Fried rice
Fried rice revisited
I discovered fried rice right about the same time I fell in love with poutine, at the age of nine or ten. Poutine was much easier to come by, a bicycle ride away, but fried rice was something I needed to plan out. It required a trip to the mall which was a long ways away; thankfully it was near my elementary school. I figured out that I could miss the school bus after school, trek to Place Laurier, and call my parents from there, giving me time to go to the ‘Chinese’ food court counter and order some up, with spare rib juice on top. All for a buck or two. Given my meagre allowance at the time - lawn mowing, baby sitting, marble betting and all, I could not afford fried rice and poutine on the same week. This was surely a good thing for my poor parents who always had their kid disappearing on some food quest or another.
These noshes were the highlights of any week though. At home, we ate boring English fare, boiled beef and potatoes, mushy broccoli and healthy homemade brown bread. Luckily, my neighbourhood buddies and school friends were around to introduce me to all kinds of more ‘exotic’ things – be it paté chinois (better shephard’s pie), ratatouille, rare roast beef and garlicky romaine salad, Vietnamese sandwiches, greek salad and sauerkraut - with their lunches, after school snacks and birthday parties. Life wasn’t so boring even if I couldn’t make it to the mall. Altogether, I gradually entered a new phase, where Friday night pizza or KFC was no longer the ultimate treat. (There was no McDonalds near us then). Still, I managed my fried rice or noodles every now and again and Americanized Chinese became my thing, remaining a weakness until adulthood when I moved to Montreal and tasted better Chinese. Then Indian and Thai, and more Vietnamese. Primo Italian. And everything else.
Fast forward 30 years. Although I eat basmati rice by the ton, I make stir-fries and noodles and use Asian flavours in my cooking quite regularly, I still get cravings for the kind of Chinese you can only get at the restaurant, that you want to go out for or order in. The only problem is that now I live in the country, miles away from Chinatown, and the only available take-out (or restaurant for that matter) offers pizza and poutine. Although perfect on other occasions, great poutine does not make up for a lack of chow mein. There is no Chinese - good or bad, to be had in these parts. I’ve learnt to live without.

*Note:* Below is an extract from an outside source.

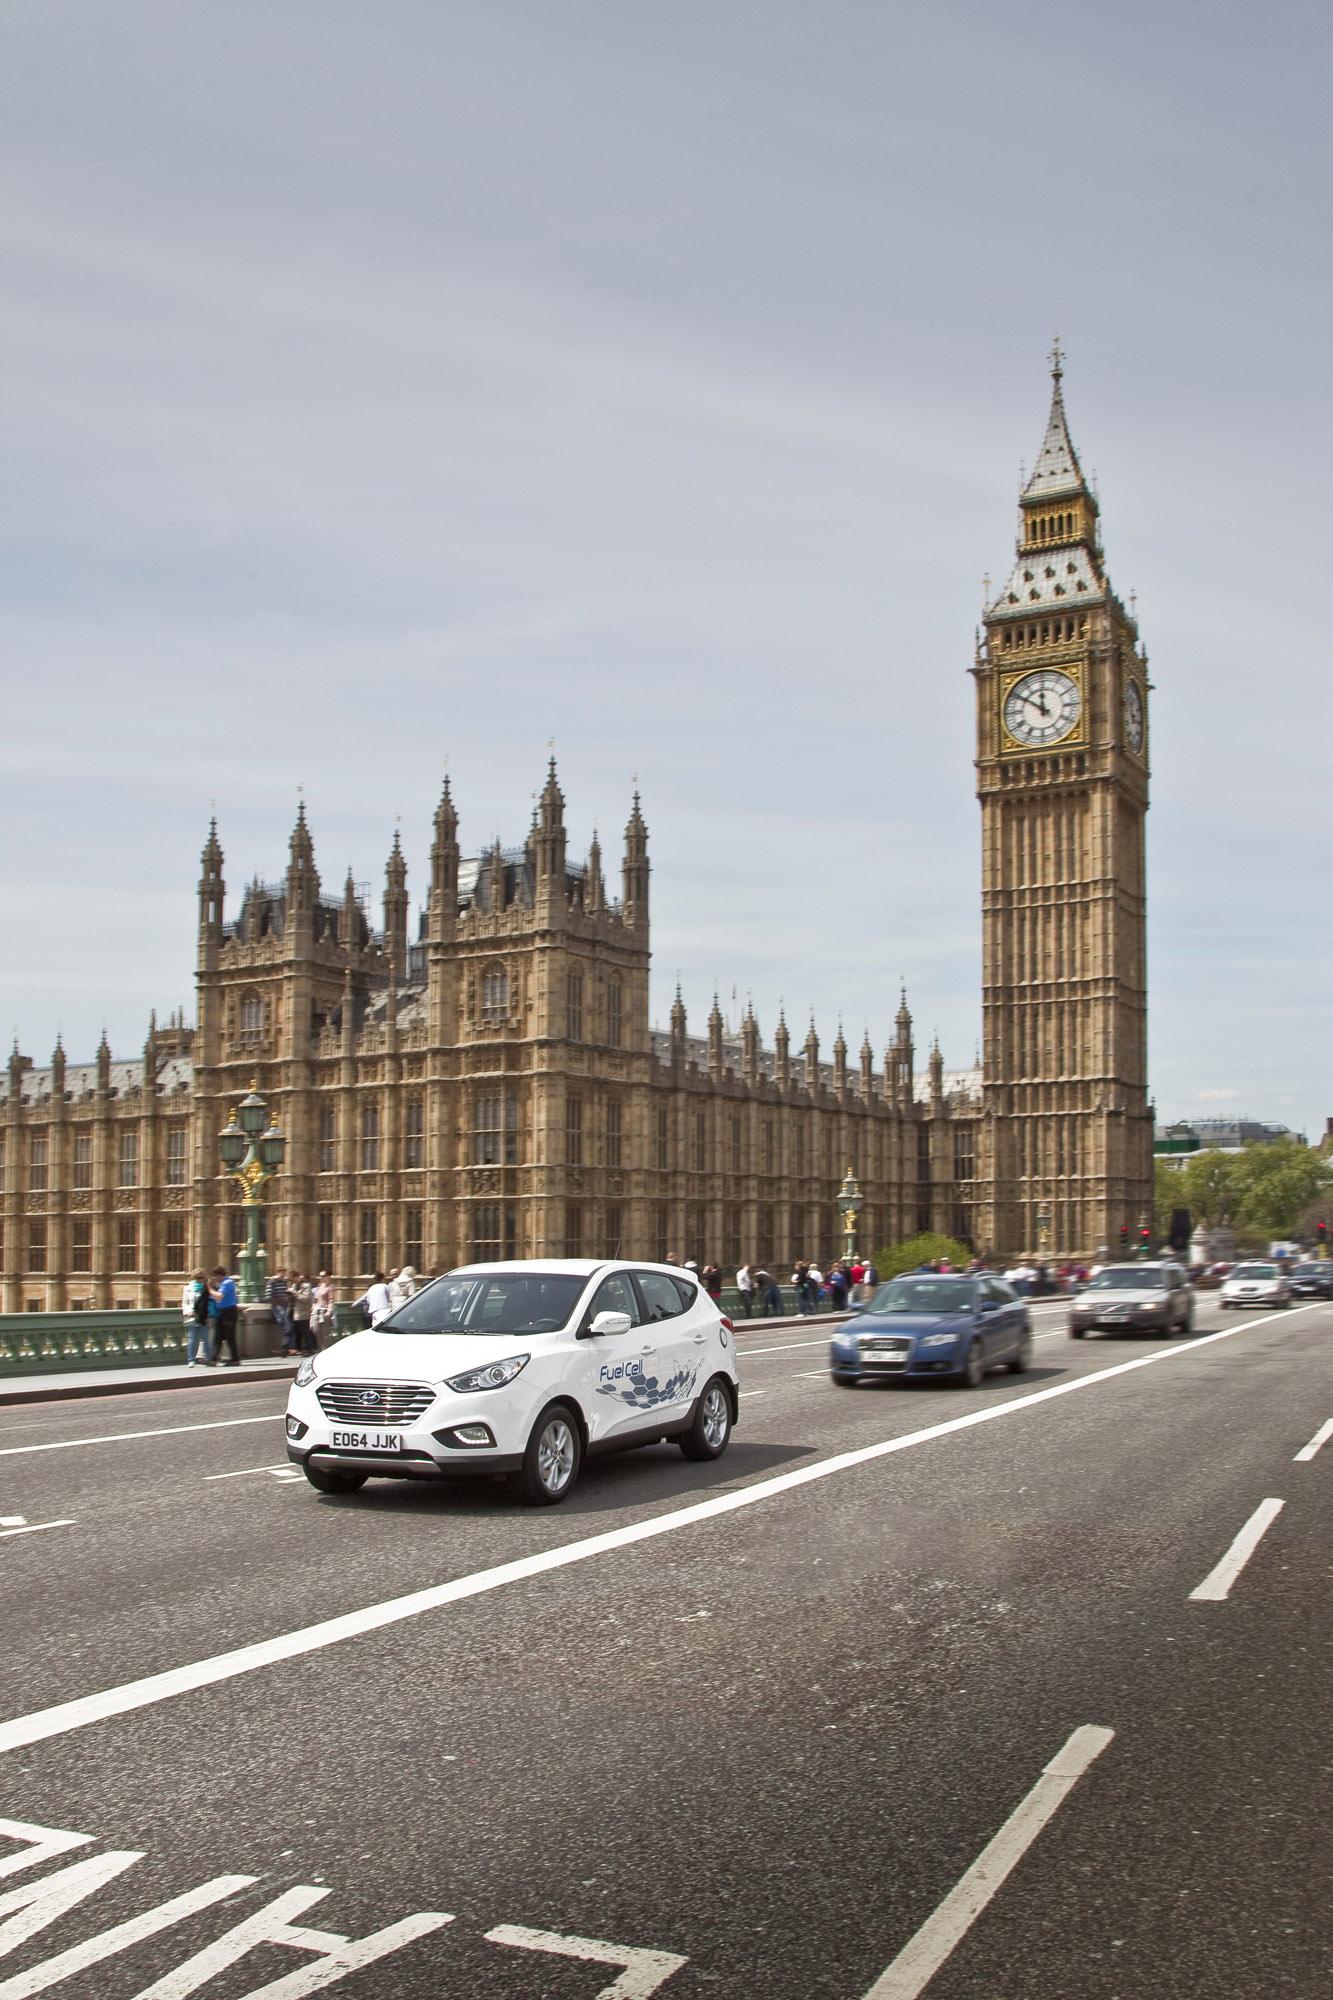 8hp90 Torqueflite Transmission Added To 2015 Dodge

On one of those ‘Chinese would be perfect’ nights, when I was perusing the fridge trying to figure out what to eat, in no mood to eat meat or fish, I decided an egg would be my protein, and there were greens, cucumber, and a batch of left-over rice looking back at me. Fine. But instead of combining them as is, a favourite meal of mine being rice topped with a mix of cooked and raw veg and a fried egg, I decided it was time to make some fried rice to change it up. The idea quickly had me salivating so I went to town.

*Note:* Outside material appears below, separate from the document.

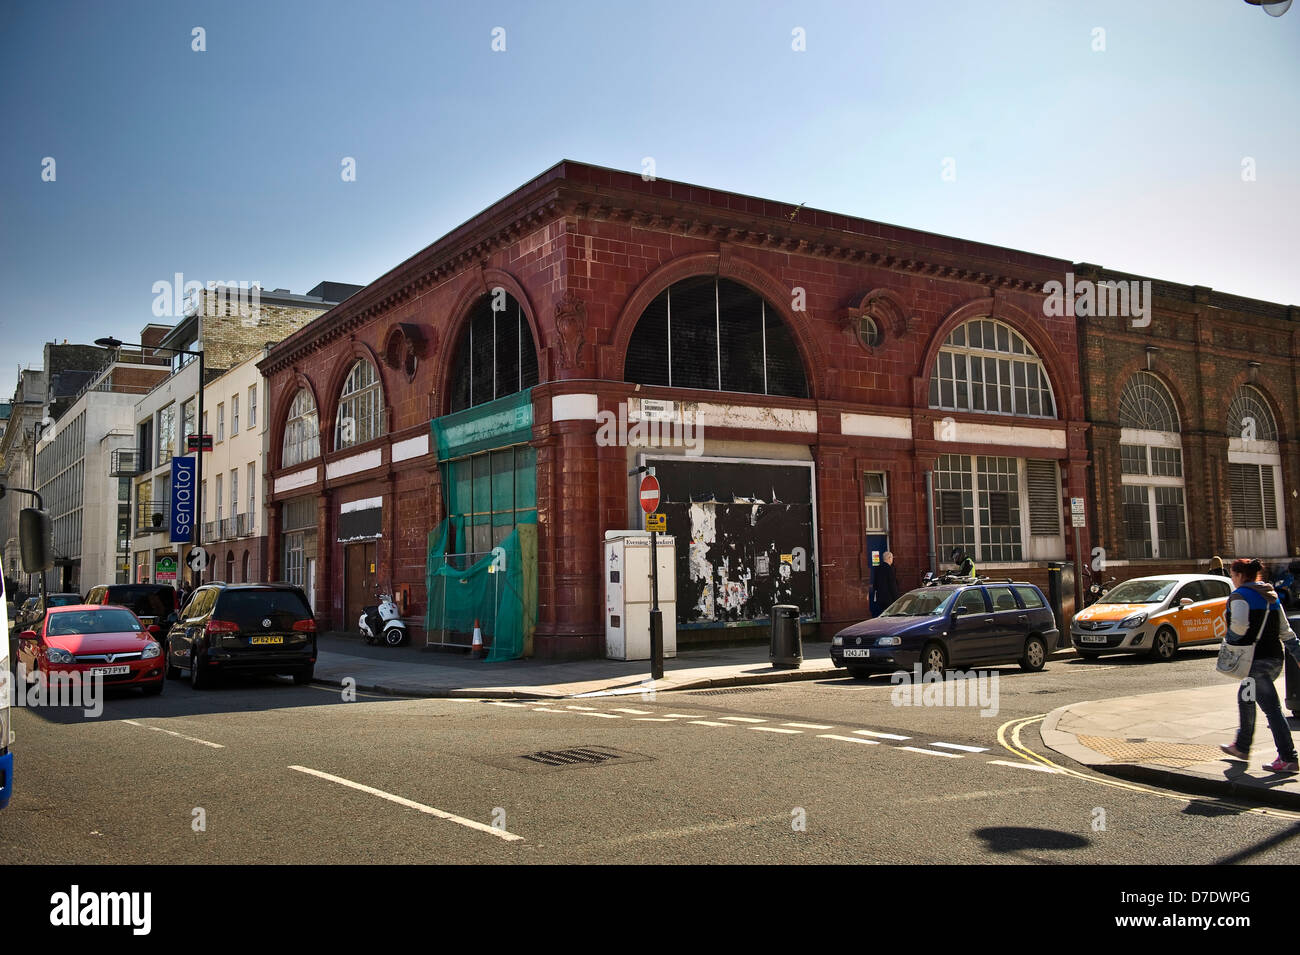 The old entrance/exit for Euston Northern Line Underground Station, London, UK - Stock Image

Yum. Surely better than the fast food of my childhood, this dish truly hit the spot. And I will be doing it again very soon, trust me. A perfect trashy treat at the end of a long day, not that unwholesome either, this way..
Sauté garlic and ginger in some oil, add left-over rice and coat well, fry while stirring for five minutes. Add a pinch of curry and a pinch of five spice and chilli, stir-fry, then add a good splash of soy sauce, fry a few minutes more over low-medium heat. Add cut up cooked vegetables and heat through. Crack a couple of eggs on top and mix in. Finish with scallions and fresh coriander, fresh tomato and cucumber, salt and pepper.
Enthralled with fried rice all of a sudden again, I had to put it on my menu at the restaurant too.. So I dressed it up with wild mushrooms, duck egg, and wrapped it in rice lettuce - a killer side for quail with wild ginger no doubt.